The previous decade saw one of the biggest economic meltdowns in the world’s history and as a result financial and related services plunged the deepest in the market. After 8 years, the industry is now accelerating to its best potential with markets booming with competitive services and cutting-edge technologies.

Of all the areas, the investment into Big Data and Analytics has redefined the way modern industries think about financial services. Toos Daruvala, Senior Partner at Mckinsey once observed the future of data analytics in financial services as, “Every single major decision to drive revenue, to control costs or mitigate risks can be infused with data and analytics”.

Mitigating Risks with Intelligent Data Modelling

When banks and insurance companies talk about financial services, one of their key areas of focus is Risk Mitigation.  A study conducted by CrayonData reveals that over 90% of financial institutions believe that successful big data initiatives will “determine the winners of the future” while only 37% of them had hands-on experience with the actual implementation.

The era of information has pronounced increased digitization in the financial sector and it has opened up the way for banks, insurance agencies etc., to explore diverse, sophisticated data analytics tools and methodologies. In a quest to manage, control and reap profit with their immense data resources, key financial institutions are now focused in intelligent modelling solutions that would help them solve problems ranging from high risk fraudulences to trivial everyday operations involving data.

While addressing risk mitigation in financial services, some of the key areas that the institutions want to be addressed are

  • Risk Aggregation

After the fall of some of the powerful multinational banks and insurance companies across the world, the Basel Committee on Banking Supervision published a report titled “Principles of effective risk data aggregation and risk reporting” in 2013. This report predominantly introduced regulations that would enable banks to identify and report risks effectively to mitigate undue events and enable banks to make decisions with more agility.

Since then, many financial institutions have predominantly chosen data analytics and intelligent modelling as their choice of tool to understand, identify and report threats and risk to their services. Institutions are seeking unique tools that can be customized to understand the risk appetite with historic data, analyze the user data and create intelligent patterns that would inform decision-makers limit breaches and create information reports for the same.

  • Fraud Detection

Detecting fraudulent activities online might sound as one of the easiest risk-aversion techniques to adapt, given the abundant tools in the market, but according to a report by IDT911, over 85% of identity thefts go unnoticed.  The leaders, however, believe in building big data models out of traditional tools to create a defense system of their own.

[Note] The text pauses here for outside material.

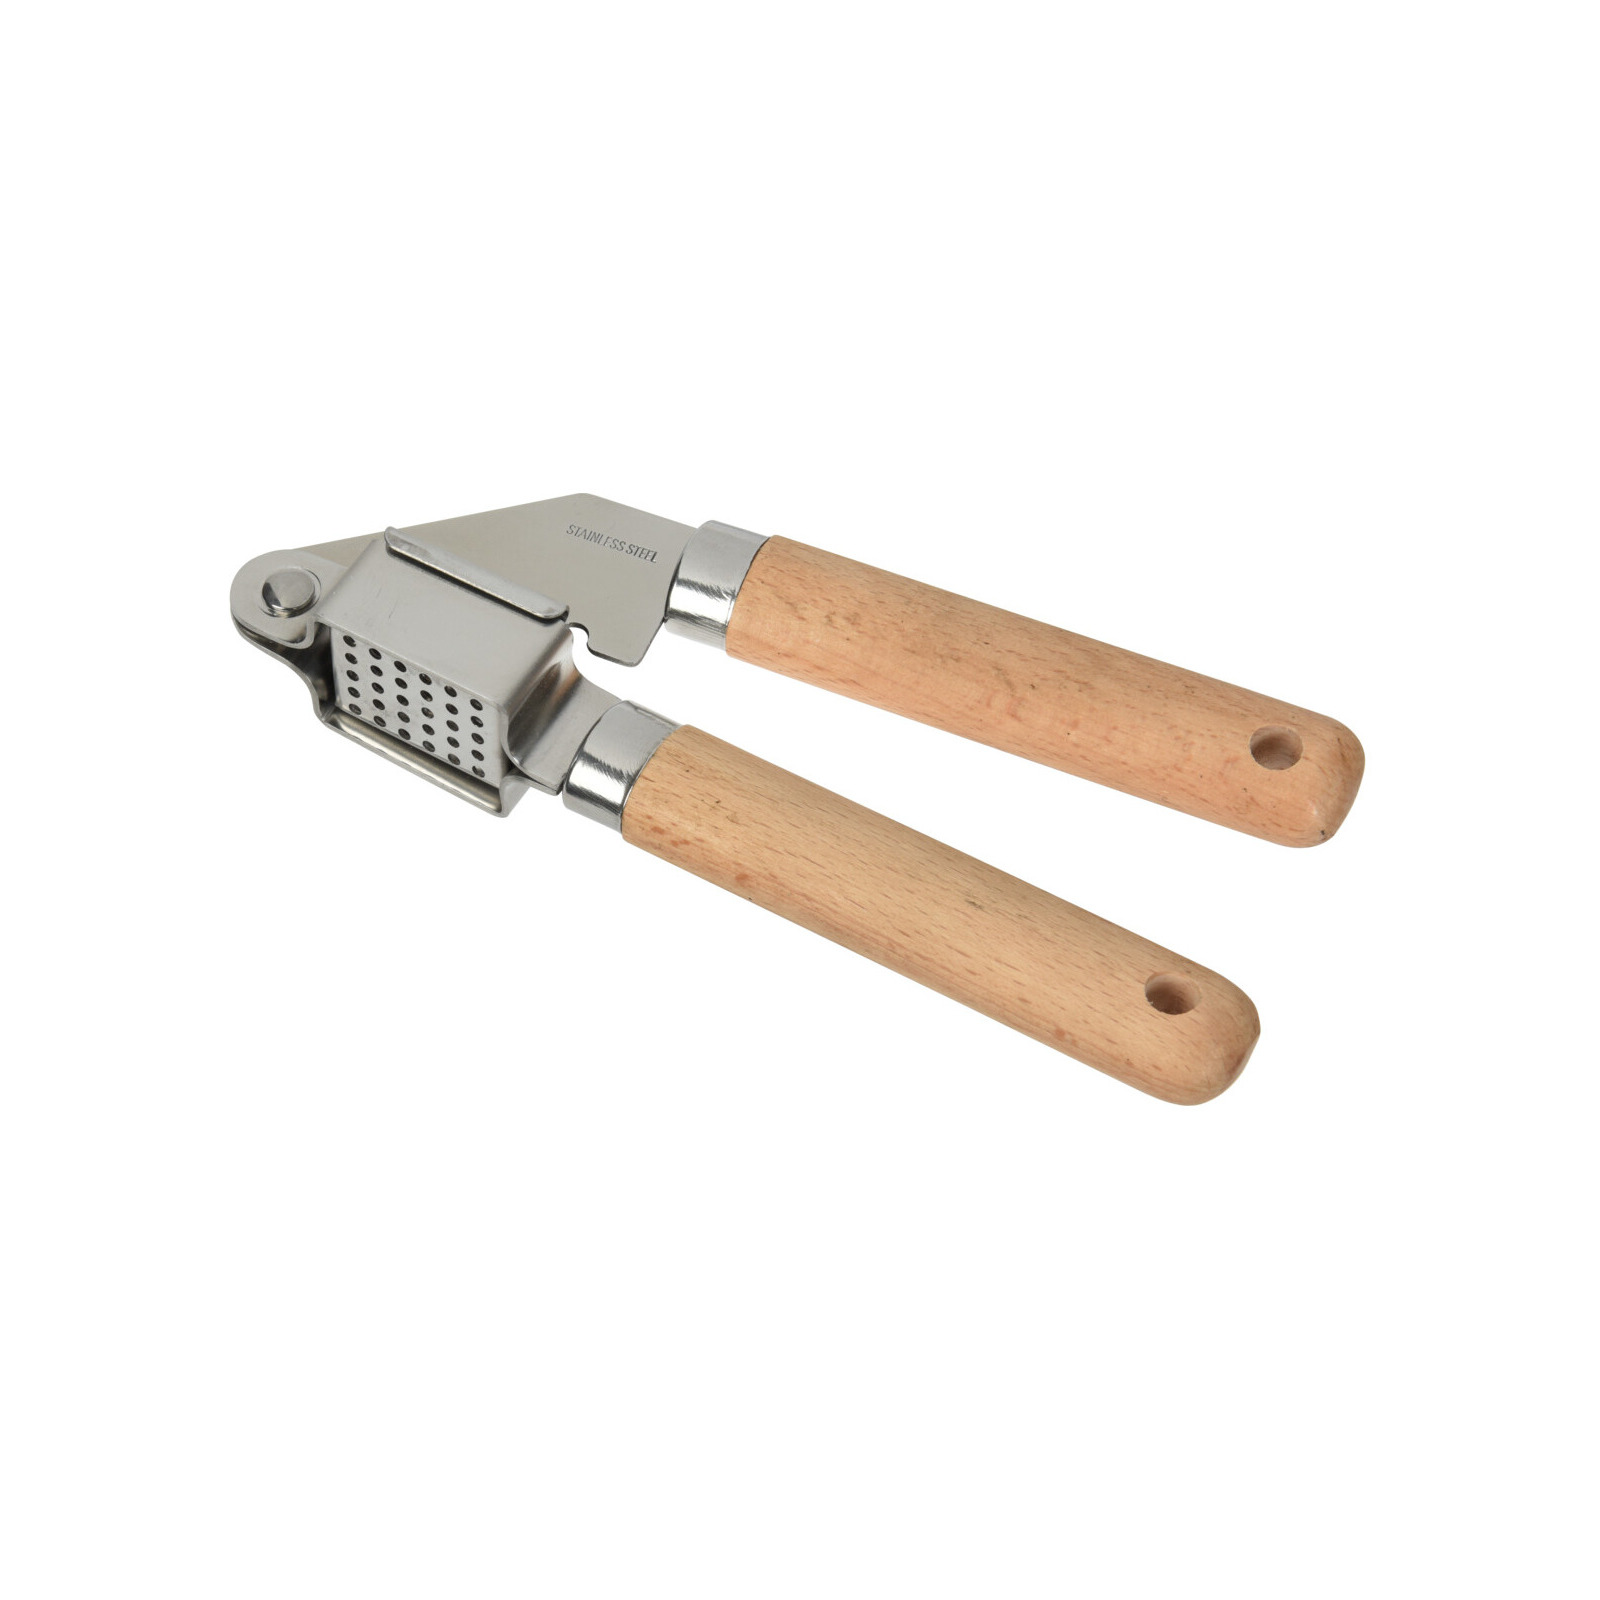 Excellent Houseware Keukengerei knoflookpers RVS steel en houten handvat 16.5 cm -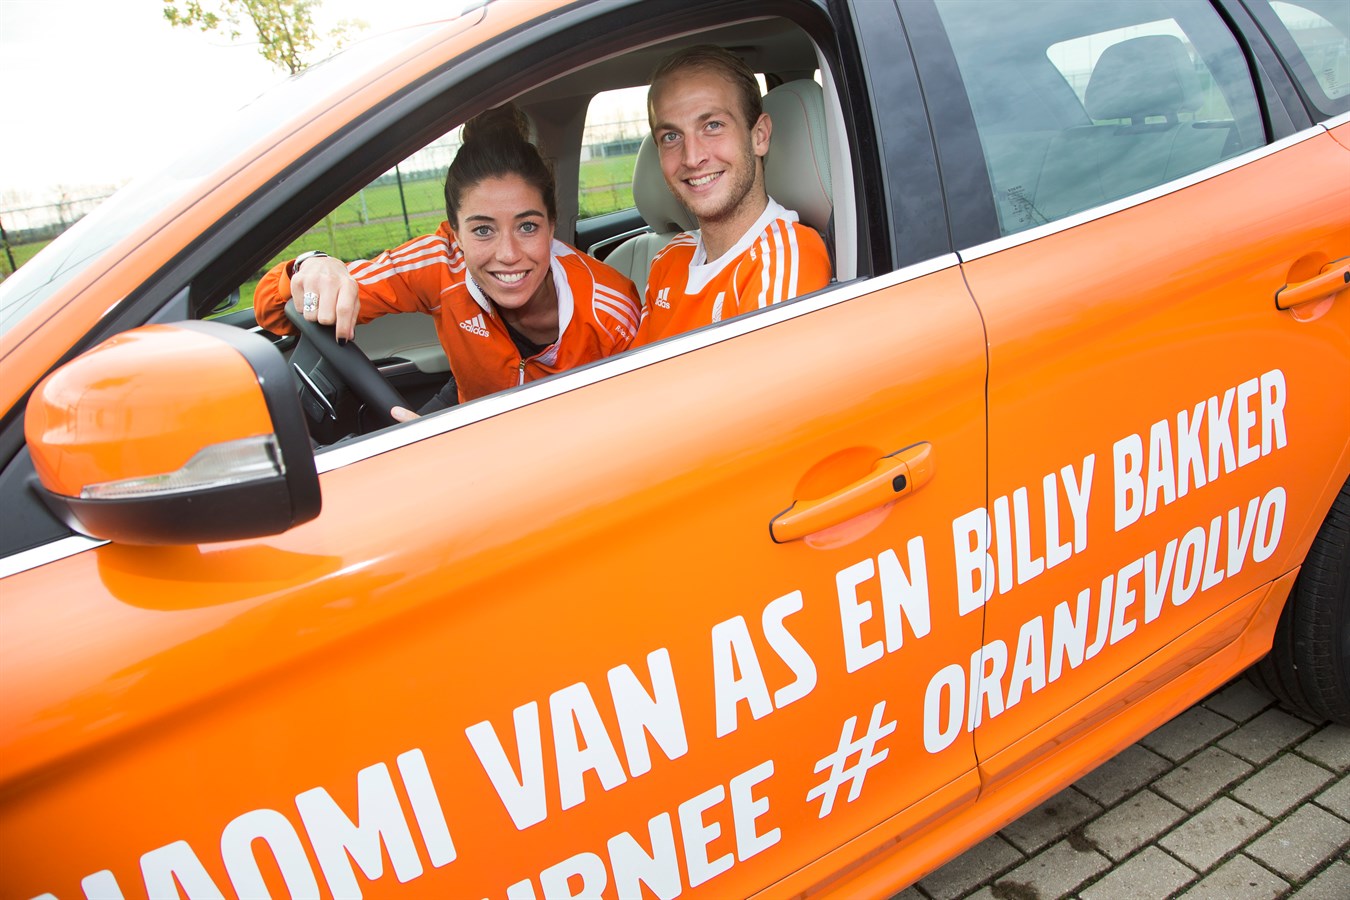 Hockeytoppers Naomi van As en Billy Bakker in #OranjeVolvo langs hockeyclubs

For example, PayPal might be the most popular platform for online transactions in the world, but according to CBR, they still utilize graph techniques to perform some of the highly complex fraud detection operations.

A good data analytics tool can help financial institutions to understand and identify anomalies by studying individual profiles and transactional history but it takes an intelligent modelling technique to see in between the lines and detect unusual patterns of fraud that are not uncommon in the market.

  • Regulation Management

Because of the high volatility to catastrophes, financial services are constantly bombarded with regulations that most often than not act as disruptions to the institution; a hasty implementation can even threaten the integrity of data. Therefore a well-defined data model that is built upon fundamentals and that is flexible enough to accommodate additional clauses and modifications will ensure the institutions can withstand any such contingency.

  • Advance analytics & Stock Markets

Stock markets are the real-time pulse of businesses and companies get heavily invested into grasping the trends. With advanced big data analytics and modelling tools, they can now aggregate stock patterns and analyze to understand the future trends. Furthermore, for individuals and third-party stock advisers, self-servicing sentiment analytics and Natural Language Processing (NLP) tools can help study the real-time market conditions and make informed decisions.

With an steady increase in the competition and as the lines between precaution and paranoia diffuses, institutions have to be clear about what kind of data model must their tools learn so as to deliver unique and accurate results.